"Then I must now write him"--and his lordship, while he spoke and from
where he stood, looked in refined disconnectedness out of the window.
"Will you write _there?_"--and his daughter indicated Lady Sandgate's
desk, at which we have seen Mr. Bender so importantly seated.
Lord Theign had a start at her again speaking to him; but he bent his
view on the convenience awaiting him and then, as to have done with so
tiresome a matter, took advantage of it. He went and placed himself, and
had reached for paper and a pen when, struck apparently with the display
of some incongruous object, he uttered a sharp "Hallo!"
"You don't find things?" Lady Grace asked--as remote from him in one
quarter of the room as Hugh was in another.
"On the contrary!" he oddly replied. But plainly suppressing any
further surprise he committed a few words to paper and put them into an
envelope, which he addressed and brought away.

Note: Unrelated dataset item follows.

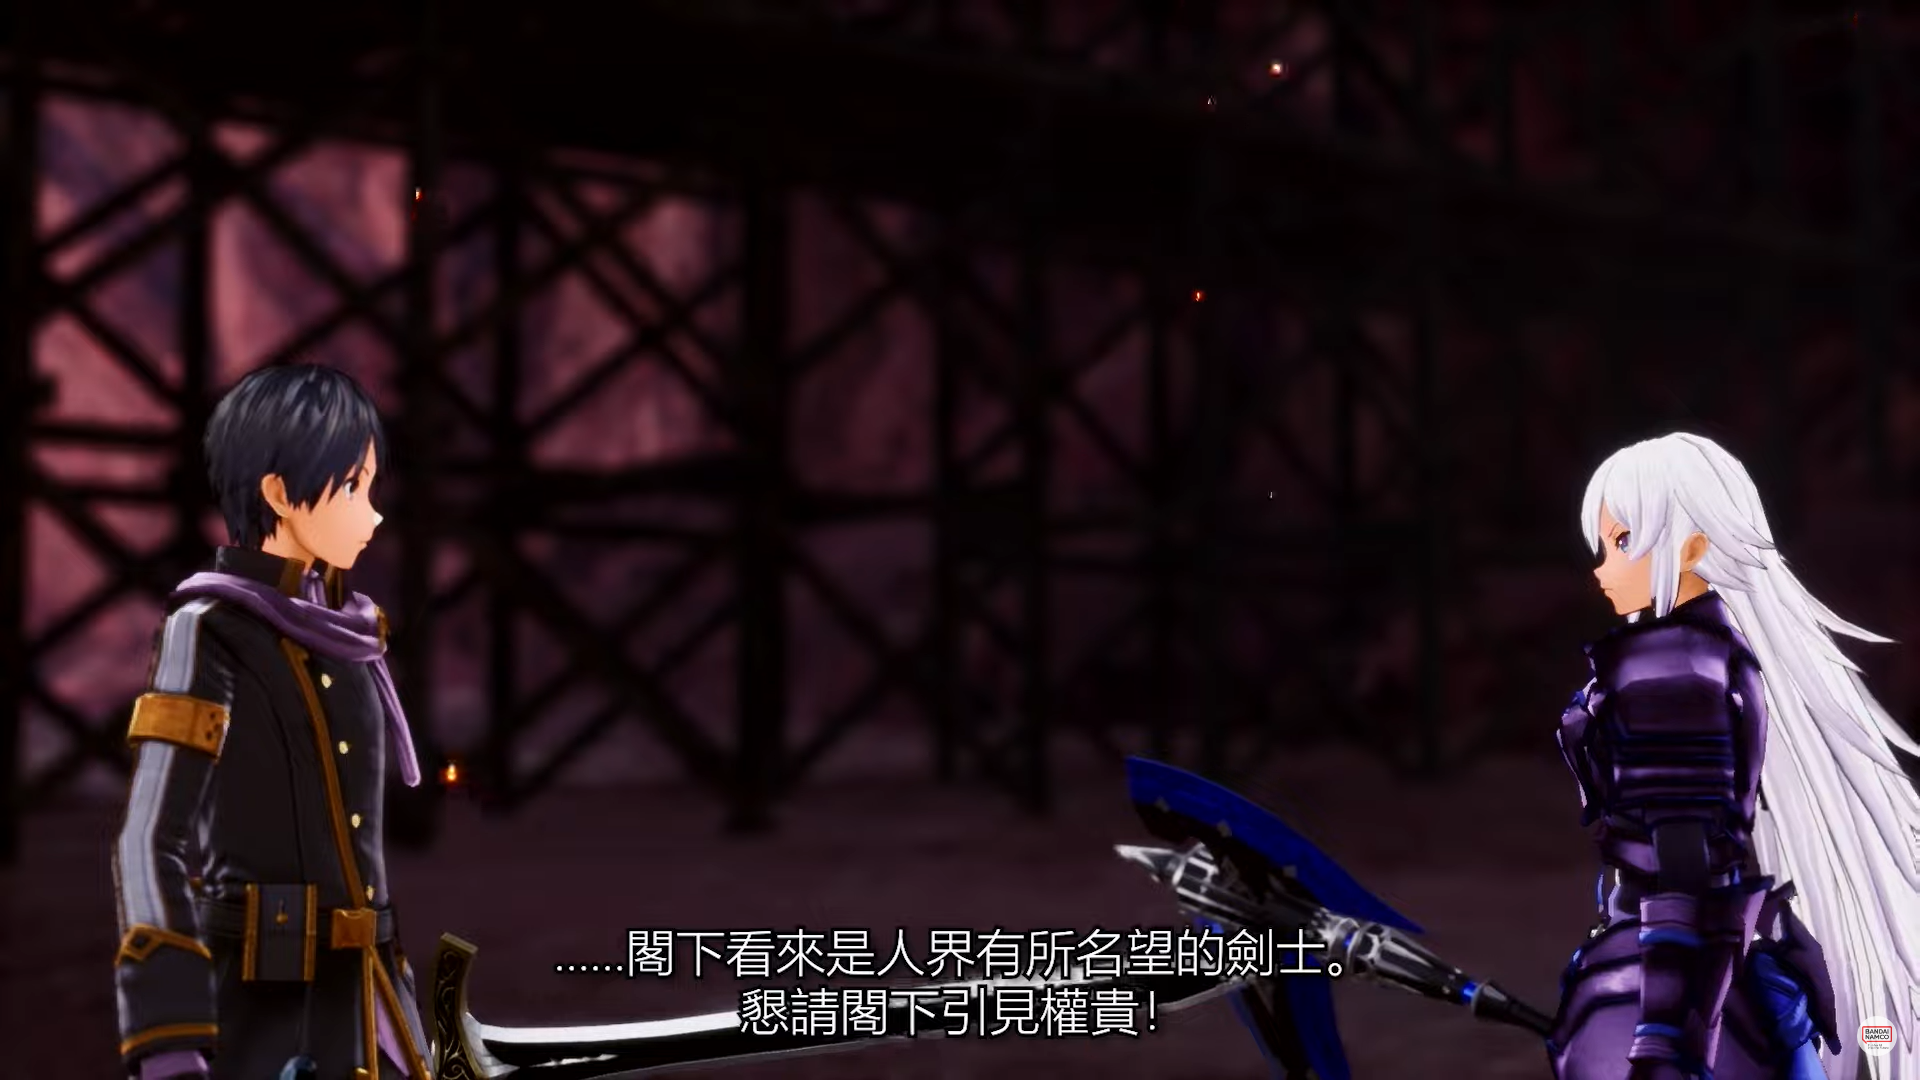 《刀剑神域 异绊集结》中文版系统介绍影片公布

"If you like," said Hugh urbanely, "I'll carry him that myself."
"But how do you know what it consists of?"
"I don't know. But I risk it."
His lordship weighed the proposition in a high impersonal manner--he
even nervously weighed his letter, shaking it with one hand upon the
finger-tips of the other; after which, as finally to acquit himself
of any measurable obligation, he allowed Hugh, by a surrender of the
interesting object, to redeem his offer of service. "Then you'll learn,"
he simply said.
"And may _I_ learn?" asked Lady Grace.
"You?" The tone made so light of her that it was barely interrogative.
"May I go _with_ him?"
Her father looked at the question as at some cup of supreme
bitterness--a nasty and now quite regular dose with which his lips were
familiar, but before which their first movement was always tightly to
close. "_With_ me, my lord," said Hugh at last, thoroughly determined
they should open and intensifying the emphasis.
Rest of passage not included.